|
There are many different ways in which you can contribute your voice to pertinent conservation issues.
March 2010
TAKE ACTION! Let our Alaska senators know how privatizing public lands near Sitka will affect your quality of life; and subsistence, recreational, and business activities.Attend the Sitka Town Meeting on Friday, March 12 at Harrigan Centennial Hall. Please plan on attending, even if you don't wish to testify. It is important to show decision makers that Sitkans have concerns about this controversial bill.

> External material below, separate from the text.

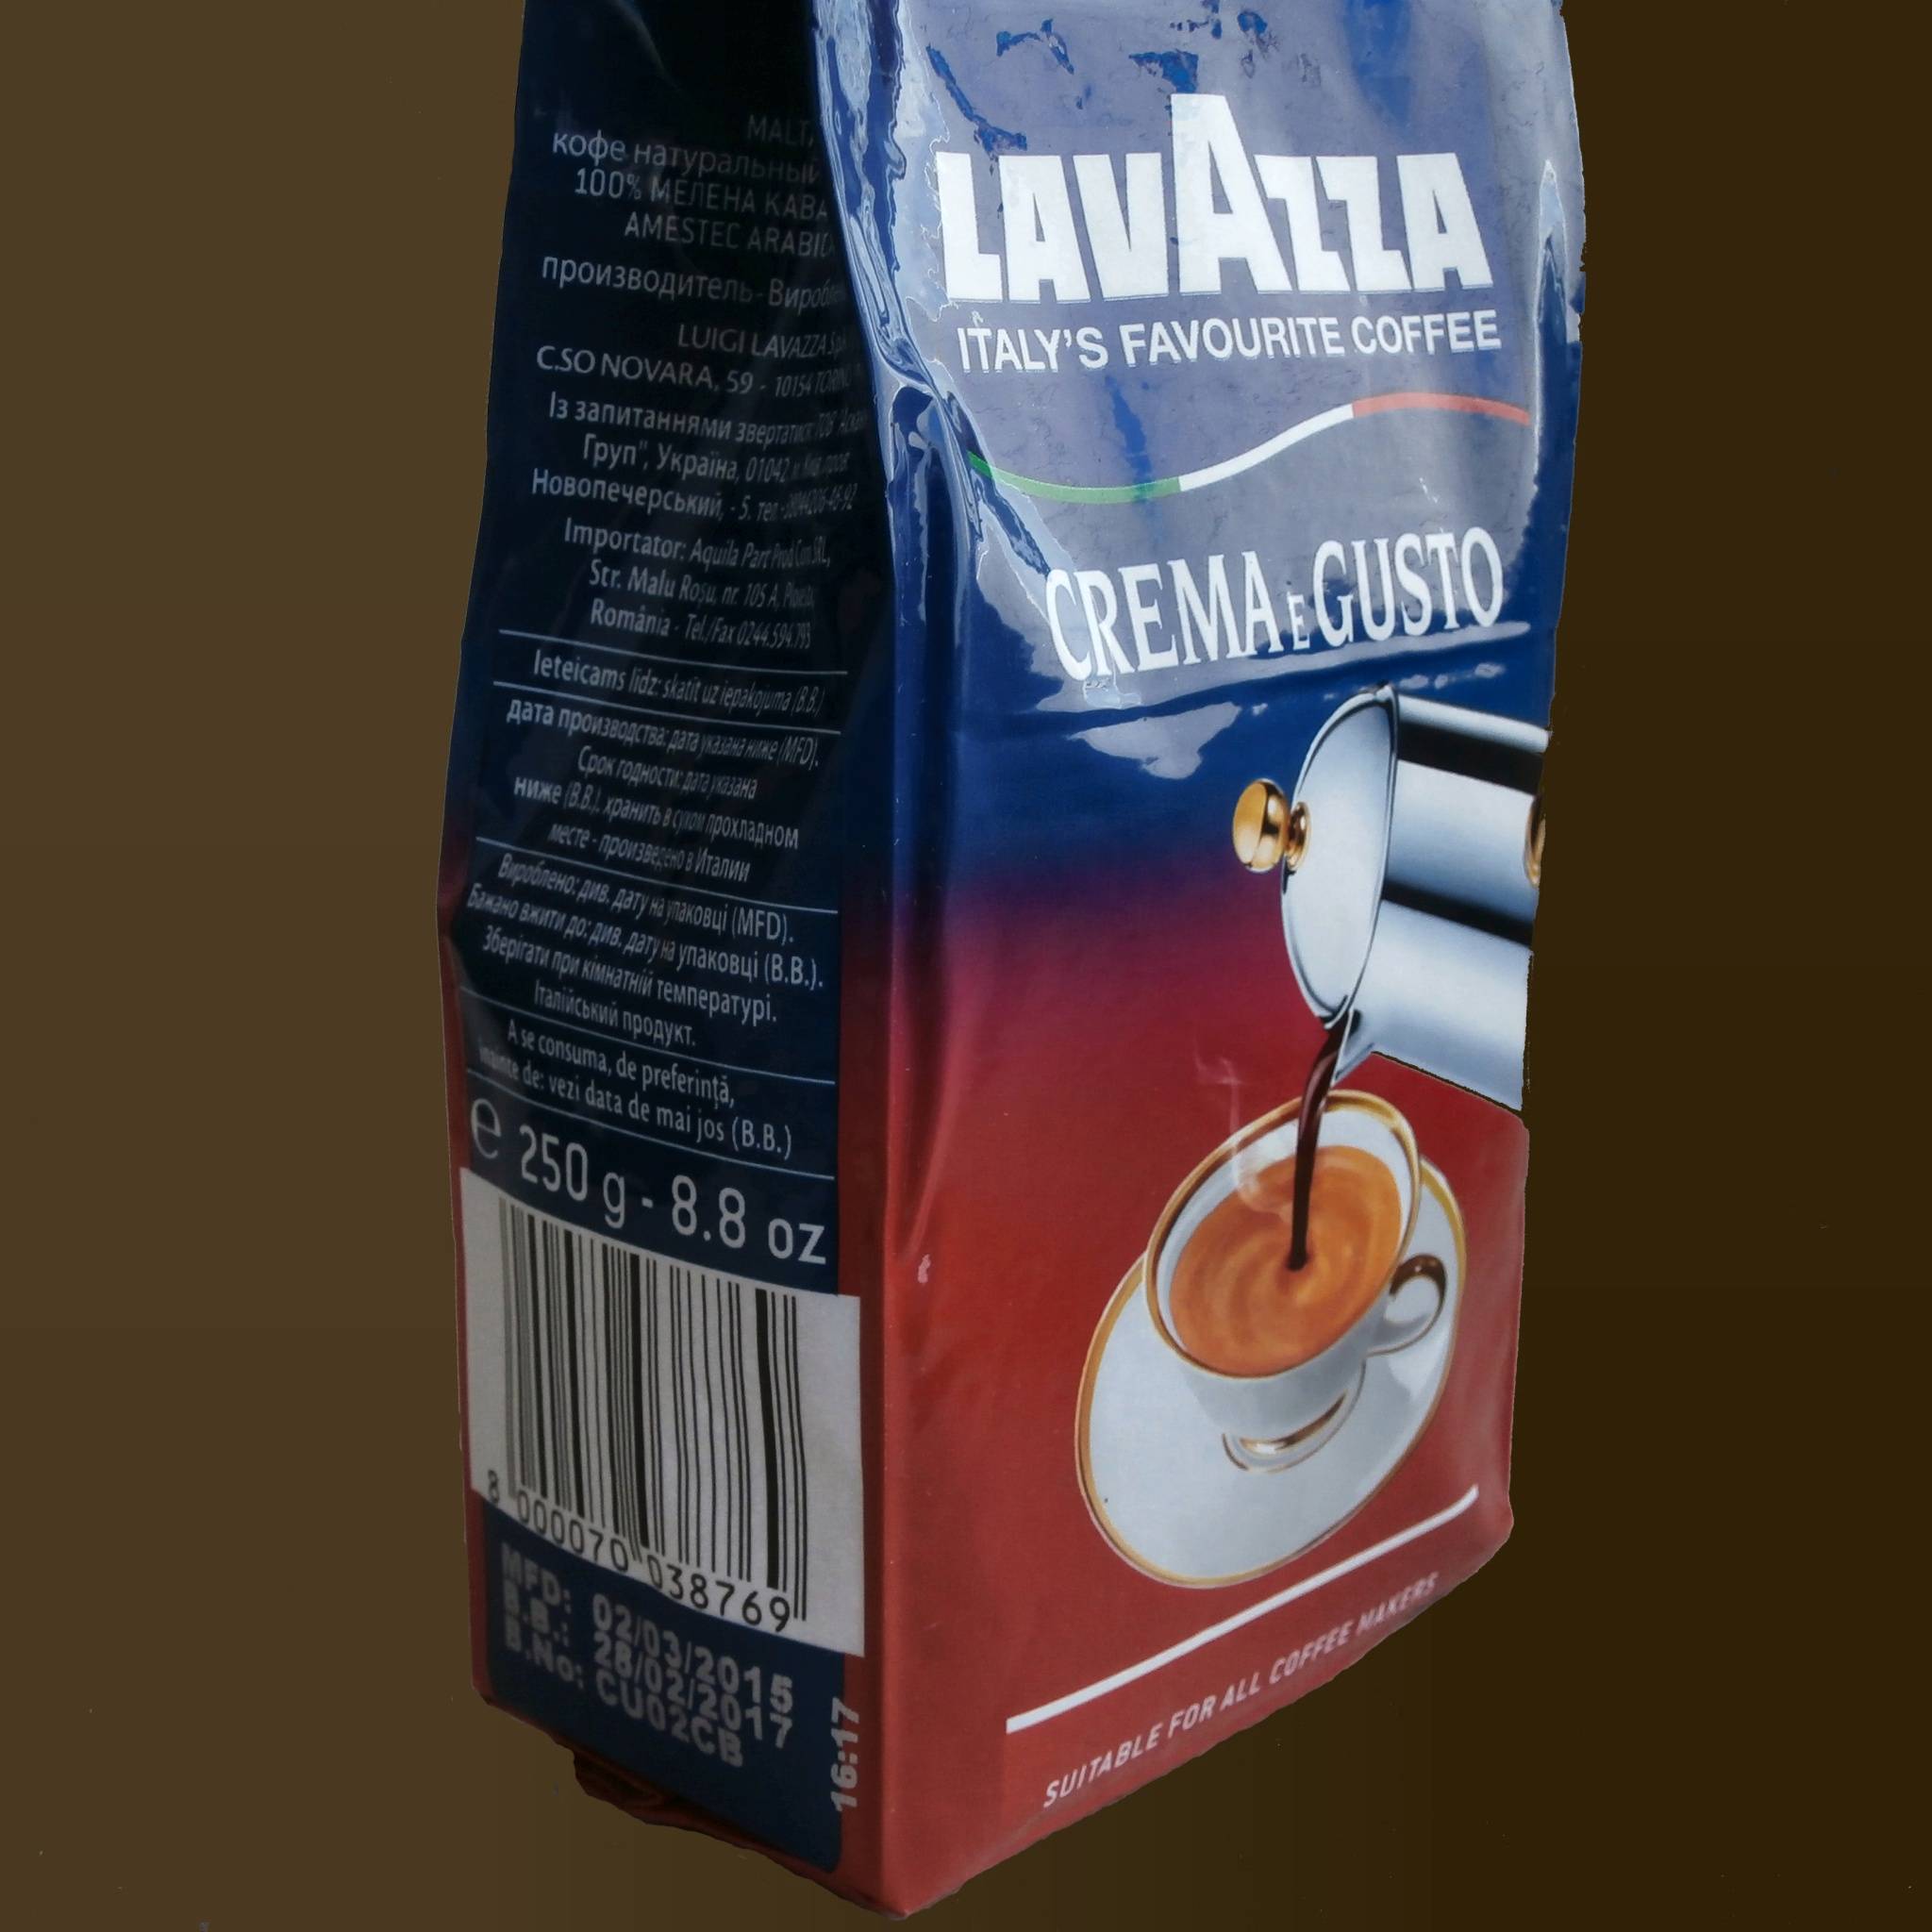 Кофе лавацца (lavazza): виды, описание и цена на российском рынке

Background on the SEALASKA legislation:
The Sealaska Land Entitlement Legislation (SB 881) is moving quickly in Congress committees, and unless serious opposition is raised to the bill, it may pass by the end of this summer. Although some changes were made since Don Young introduced the legislation in the House of Representatives 2 years ago, they are mainly superficial and the legislation is still a threat. Letters sent to Alaskan Senators now can help to influence this legislation and may directly convince Senator Begich that this legislation is not the solution to Sealaska land issues.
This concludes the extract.